The Ceylon spinach is thriving and is ready to use but the mizuna, onions and carrots have not taken off as I would have liked. The germination rate for the carrots and onion was low too.

The eggplant is up and growing well and the Tokyo bekana is ready to eat but the silver beet is struggling and I am down to two in the square.

The capsicum is a seedling as none of the seeds I planted germinated, but it is growing really well.

So far I am impressed with the method, even though I will have to fine tune the planting a bit next time.
My advice to myself so far is;

Plant climbers with at least one square between them to minimize crowding.

Plant advanced seedlings of most vegetables (not carrots or beans).

Plant extra carrot seed, at least three per hole, to allow for poor germination.

Plant fast growers like beans two weeks after other seeds to reduce over shading of seedlings.


Elsewhere in the garden........


My marigolds are looking beautiful at the moment.

I have a big pot of Lemon Balm (Melissa) coming up right beside the door.




Saturday 21 December 2013

Happy Litha to all


Yesterday was Summer Solstice in the southern hemisphere (which includes us). The Earth's annual journey around the sun has bought us back to the peak of solar strength and the promise that 'this too shall pass' and winter will come again.




Every year we head to water for our Litha celebration; it pays to have water close when playing with fire.
Litha is a celebration of the sun reaching the height of his strength and a realization that everything is cyclic and even the awesome power of the sun waxes and wanes.
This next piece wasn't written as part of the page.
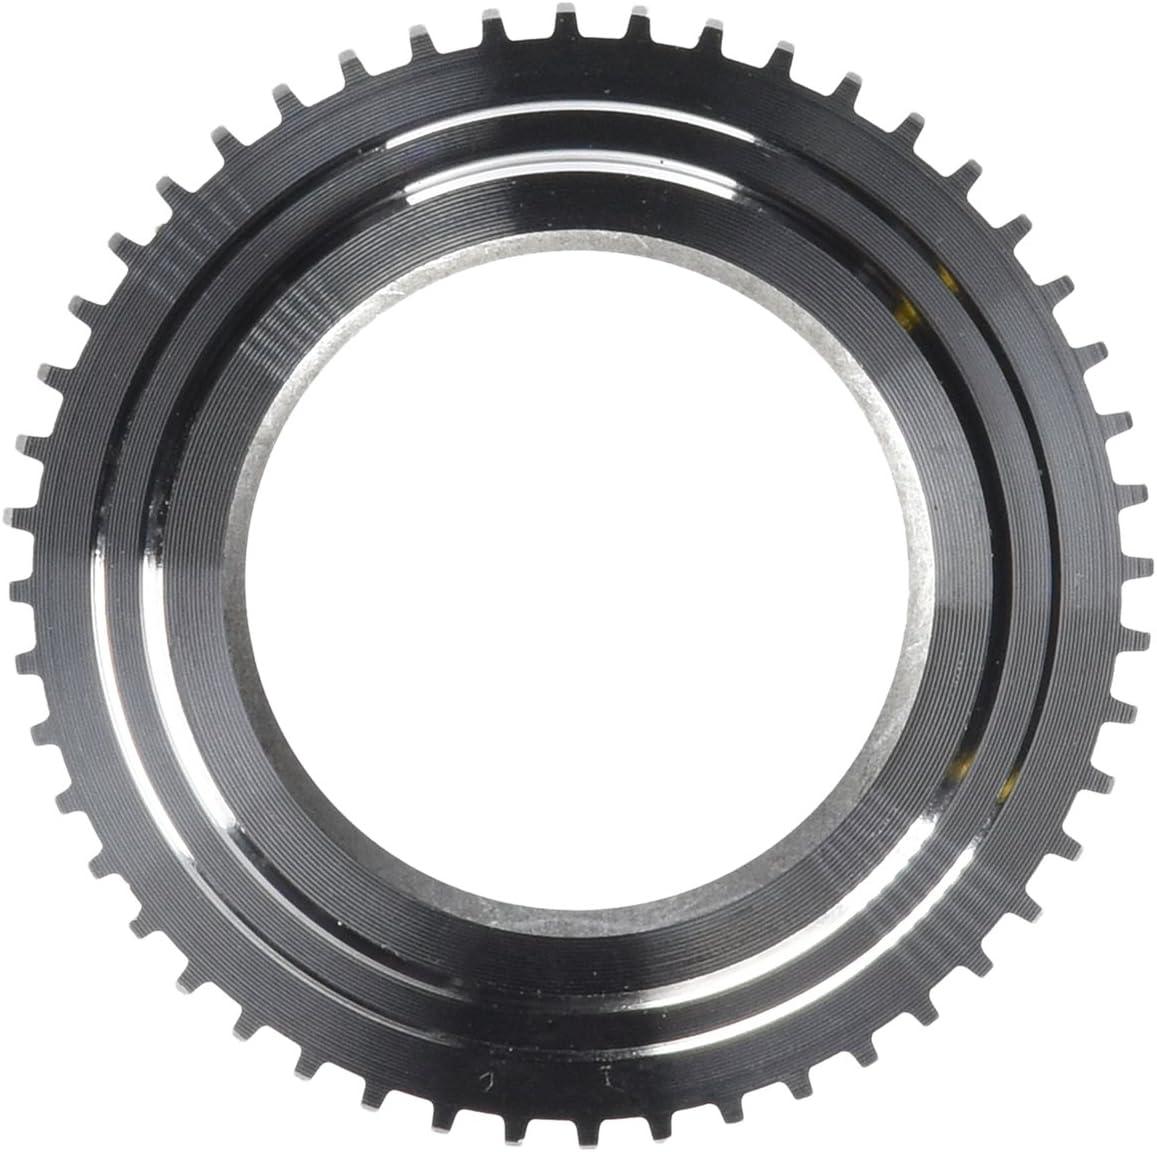 Skid Control, Rotor Genuine Toyota Parts 43517-35010

We decorate the altar and surrounds with sun symbols and imagery. We perform a ritual to say thank you for the light and heat that let us live on this planet, then we party.

Decorating the tree behind the altar (facing North)



The altar is coming together nicely too

I love the twisted branches of this tree.

The Sun Lord's mask.



My partner wearing his Litha crown.

The Sun Lord in a light hearted moment.

The mask after the ritual, hanging in the tree, watching over our revels.

The Sun Lord casting the flaming spear into the water to symbolize his current strength and the shortening of the days from this point onward as the suns strength wanes towards winter.


Feasting from the altar.

The spear is floating in there somewhere




Happy Litha to all. I hope your day was as pleasant as ours.



A holed rock hanging in the tree.

A rock with a hole in it (naturally formed) is called a hagstone. It protects the area it is hung in from negative energy and if you look through it maybe you will see the faerie world.